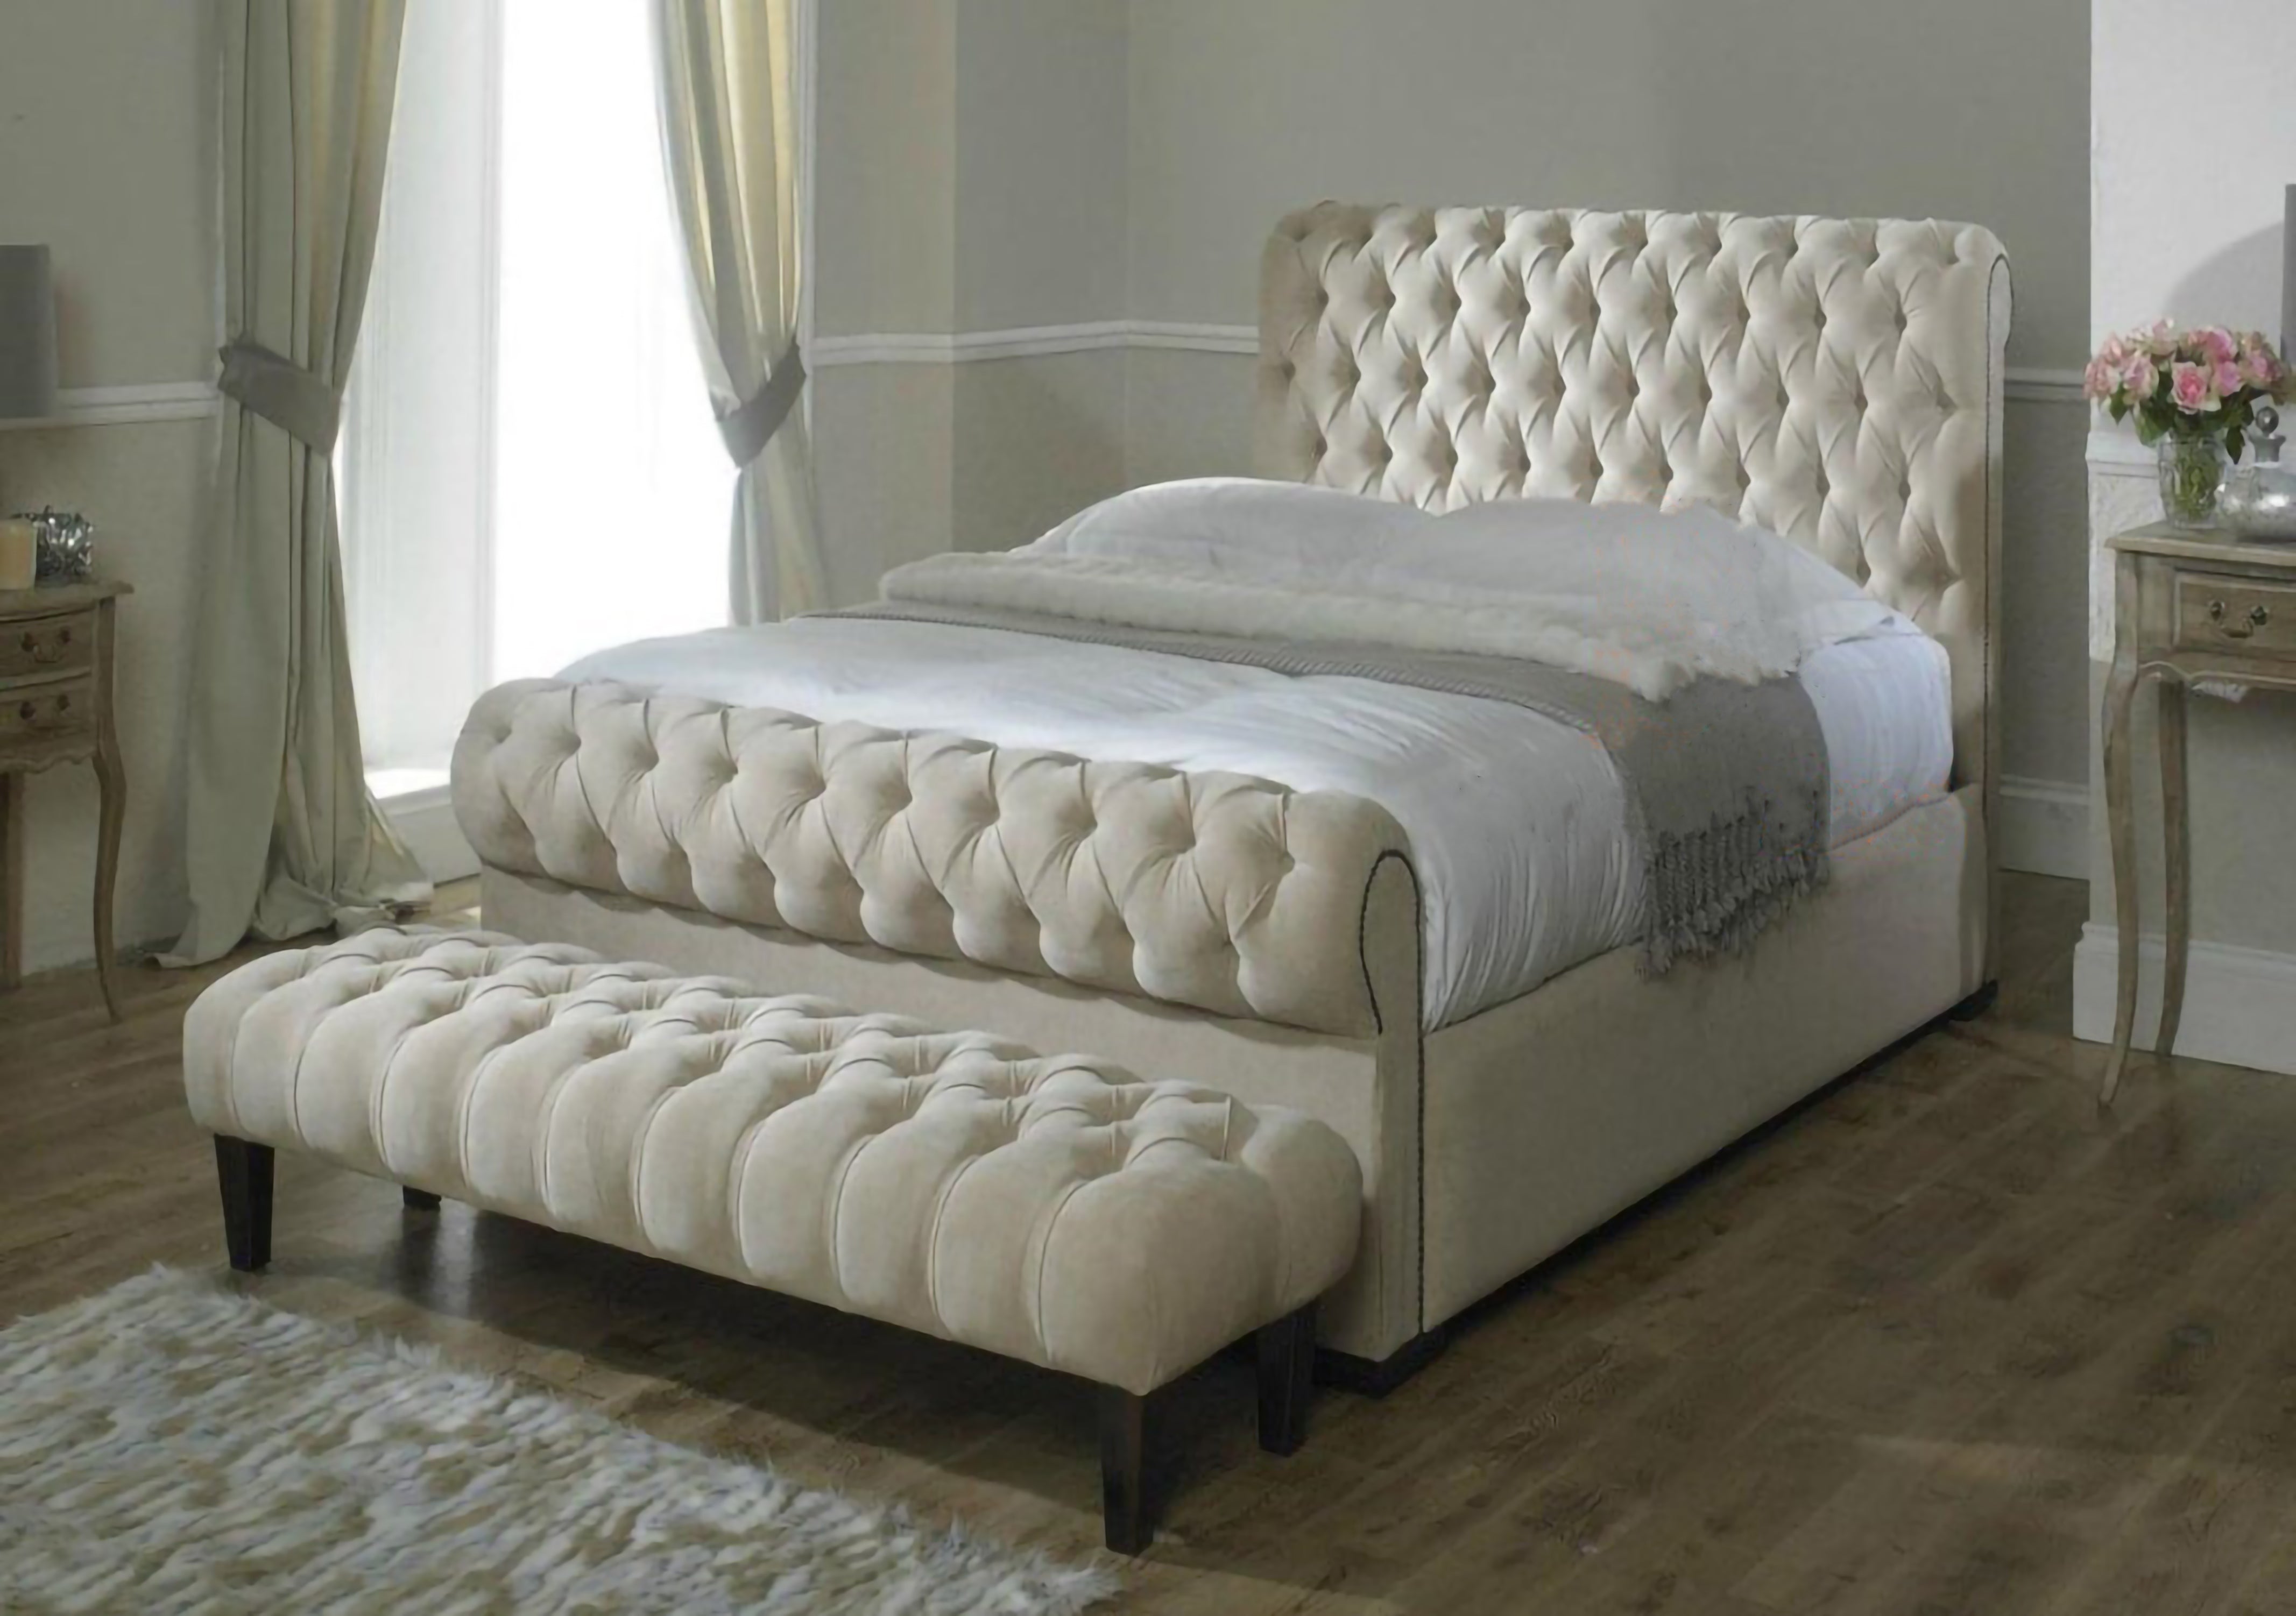 An image of Regency Sleigh Chesterfield Bed
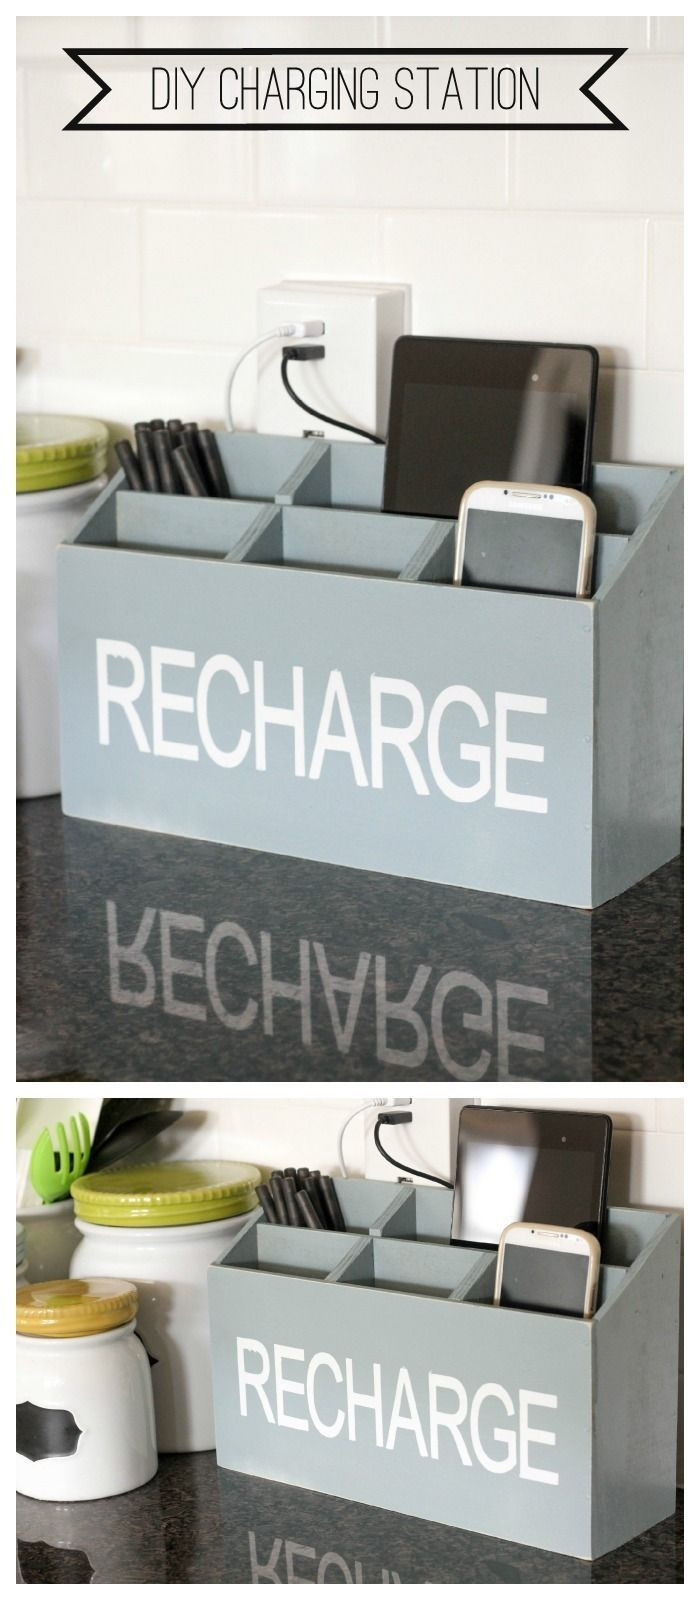 Charger Organizer DIY
 25 best ideas about Charger organization on Pinterest
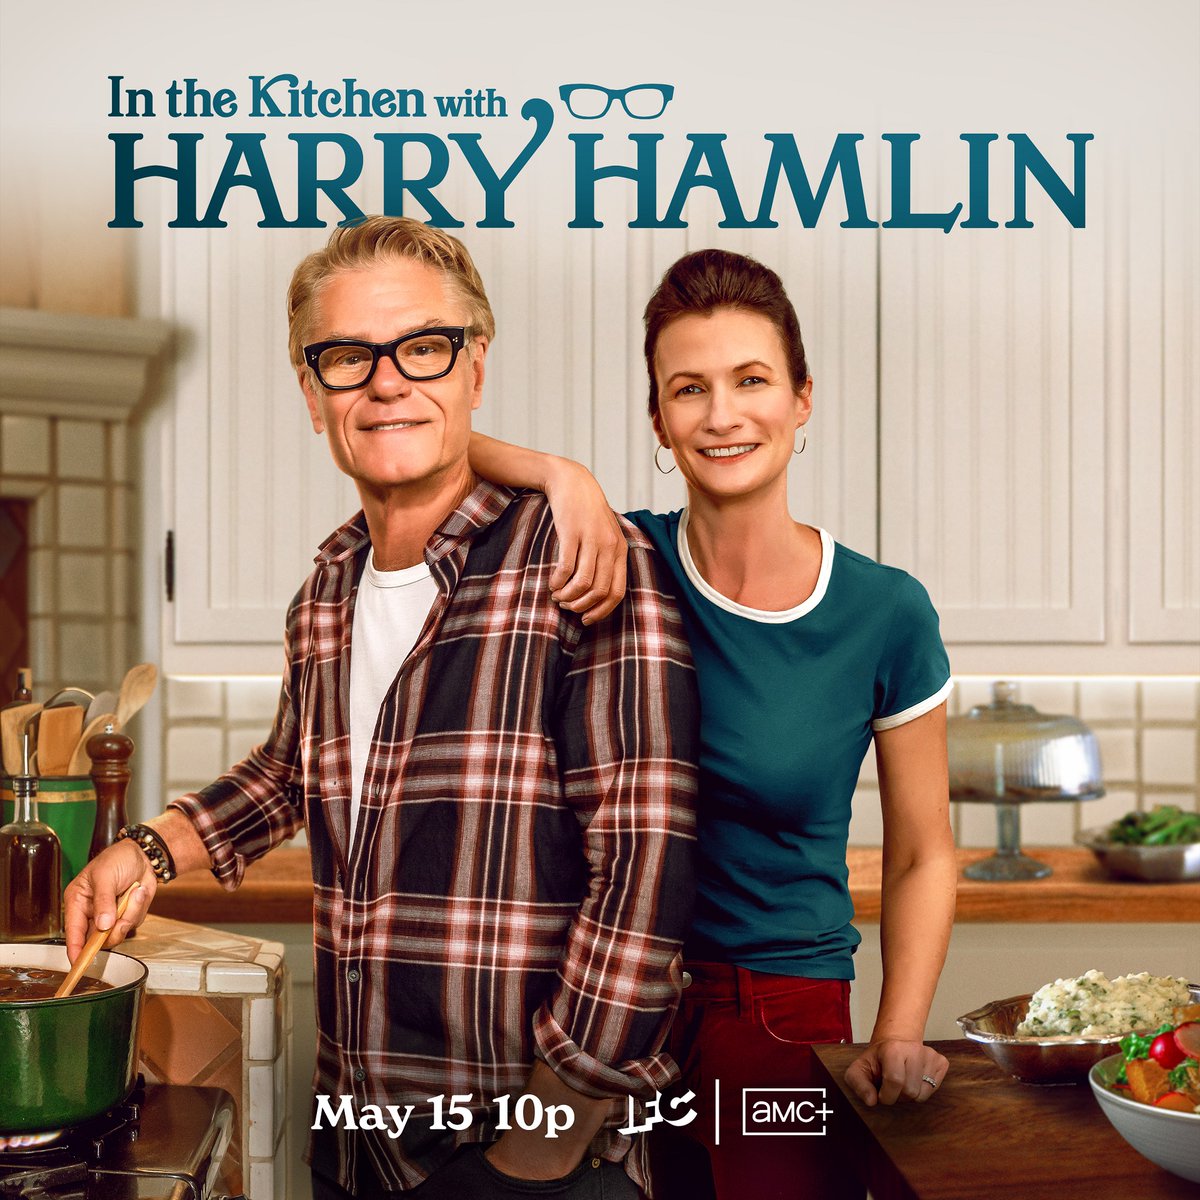 Join Harry Hamlin and his niece, classically trained chef Renee Guilbault, for a series of dinner parties you'll never forget! #InTheKitchen with Harry Hamlin premieres next Wednesday at 10pm on @IFC and AMC+.

*****

*What you have to do:* The data above should be repeated exactly, minus any pictures.

*Your solution:*
 An image of Regency Sleigh Chesterfield Bed
 Charger Organizer DIY
 25 best ideas about Charger organization on Pinterest
 Join Harry Hamlin and his niece, classically trained chef Renee Guilbault, for a series of dinner parties you'll never forget! #InTheKitchen with Harry Hamlin premieres next Wednesday at 10pm on @IFC and AMC+.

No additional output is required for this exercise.